Children were keen to see what was inside their devices and learn more about how they worked, suggesting more work could be done to explore how the long-held genre of cross-sectional drawings, ‘what’s inside’ models or take apart puzzles could be extended with digital, not just analogue materials. Resources which explain what is inside devices, and how they work, could be popular with children and create more awareness about surveillance and privacy strategies. Applications, such as games, which provide direct, concrete feedback about what a device is sensing could help establish correct causal associations and create better awareness of surveillance. Such games exist with analogue technologies such as ustwo Games’s Assemble with Care but we were unable to locate anything similar for newer digital tech.
Others, such as Gross and Eisenberg (2007) and Tanimoto (2004) have argued for transparency and realism in the design of objects for children, rather than the ambiguity of magical metaphors. We agree with this argument for better communication of the methods and capabilities of digital devices, particularly in relation to the consequences of sensing and surveillance. However, we also believe that such approaches do not necessarily need to be traded-off between magical experiences and transparency. Given the enthusiasm expressed by the children in our study towards seeing inside devices and learning how they work, it seems that one central principle of magic may not apply in this context – children can enjoy the magical effects afforded by technology whilst also observing the methods that created them. Knowing how the trick is done does not necessarily spoil the experience. Likewise, devices could provide more information themselves about how they work and what their sensing capabilities are. This is particularly relevant to smart speakers and voice assistants.
Finally, we are also happy to note that this month the UK Information Commissioner’s development of a code of practice for age-appropriate design also forces changes to the commercial side of data collection in relation to these sensors too. It is now no longer acceptable for companies to collect information that is deemed unnecessary for the task being carried out by the child user. Holding organizations to account in this way, while also providing children with greater media literacy in relation to the sensors and their works, provides a two-pronged approach to the many issues at stake in children’s lives being surveilled by tech companies and more.
Footnotes
Appendix
Workshop 2 plan and field questions.
10 mins |
Discussion | • How does your device sense movement/sound? • How would you know what was inside a device? • [Show image inside device] • Have you ever taken anything apart? • What do you think the components are? |
10 mins |
Discussion | • Did you think of any ways you could fool your device? • [Show examples from tool kit] • If you could build a tool which helped you fool your device, or stop it sensing you, what would it do? |
10 mins |
Drawing | • Can you draw a picture of a tool which would help you fool your device or stop it sensing you? • It doesn’t have to work.
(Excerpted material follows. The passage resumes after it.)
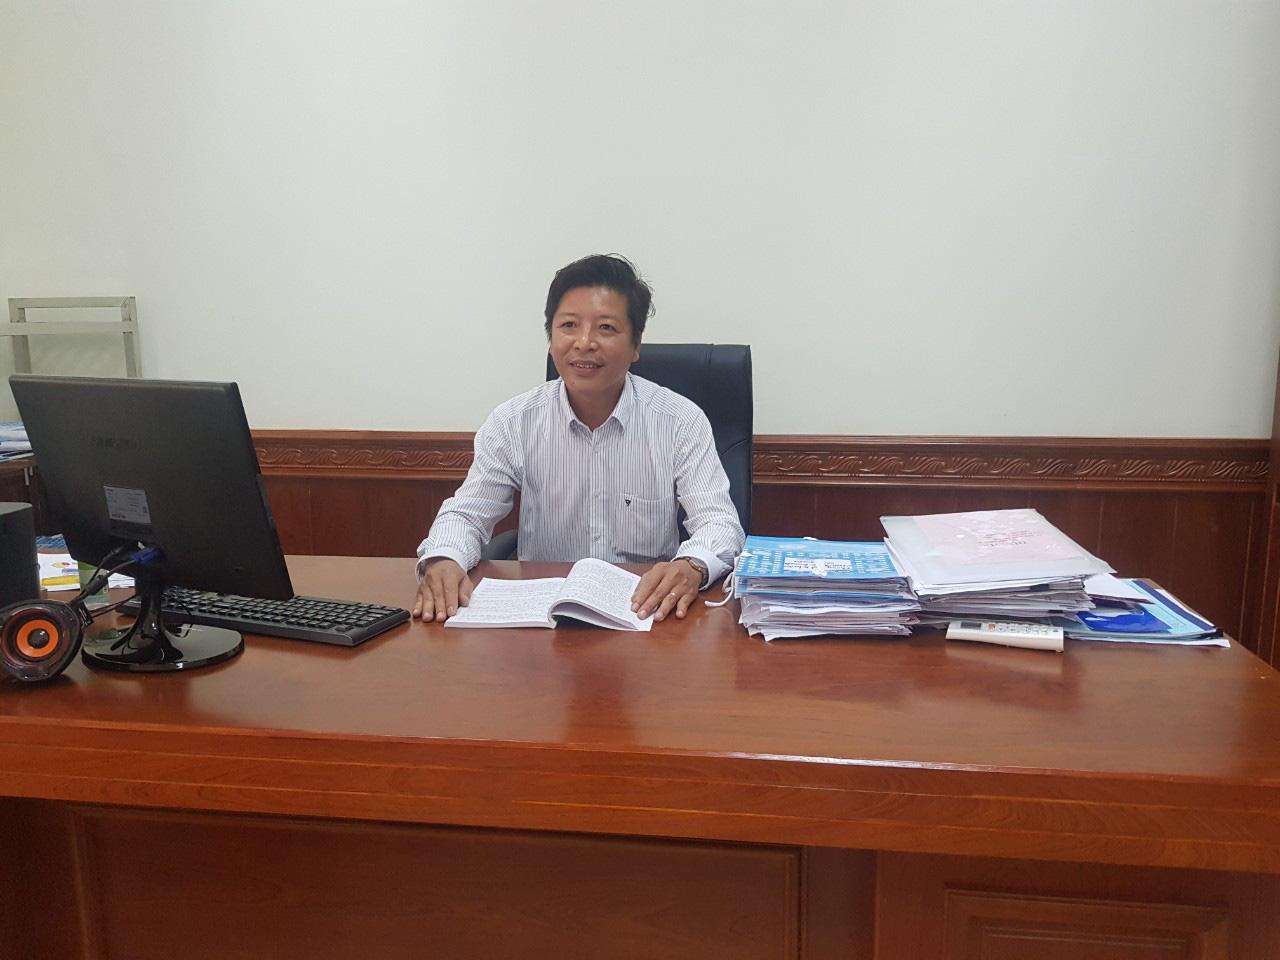 Quảng Nam: Nông thôn mới ở Nam Giang gắn với OCOP giúp khu vực miền núi đổi thay - Ảnh 2.

You can use your imagination. |
20 mins |
Making | • Using the materials provided, can you make a model of your tool? |
10 mins |
Discussion | • Show the models that have been made, and describe/demonstrate how they would work • Capture images using the webcam and ask for other photos to be emailed |
10 mins |
Discussion | • Would you use a tool like this? • What would you use it for? • How do you feel about the sensors on your device? |
Funding
This research received funding from the EPSRC Human Data Interaction Network, and there is no conflict of interest.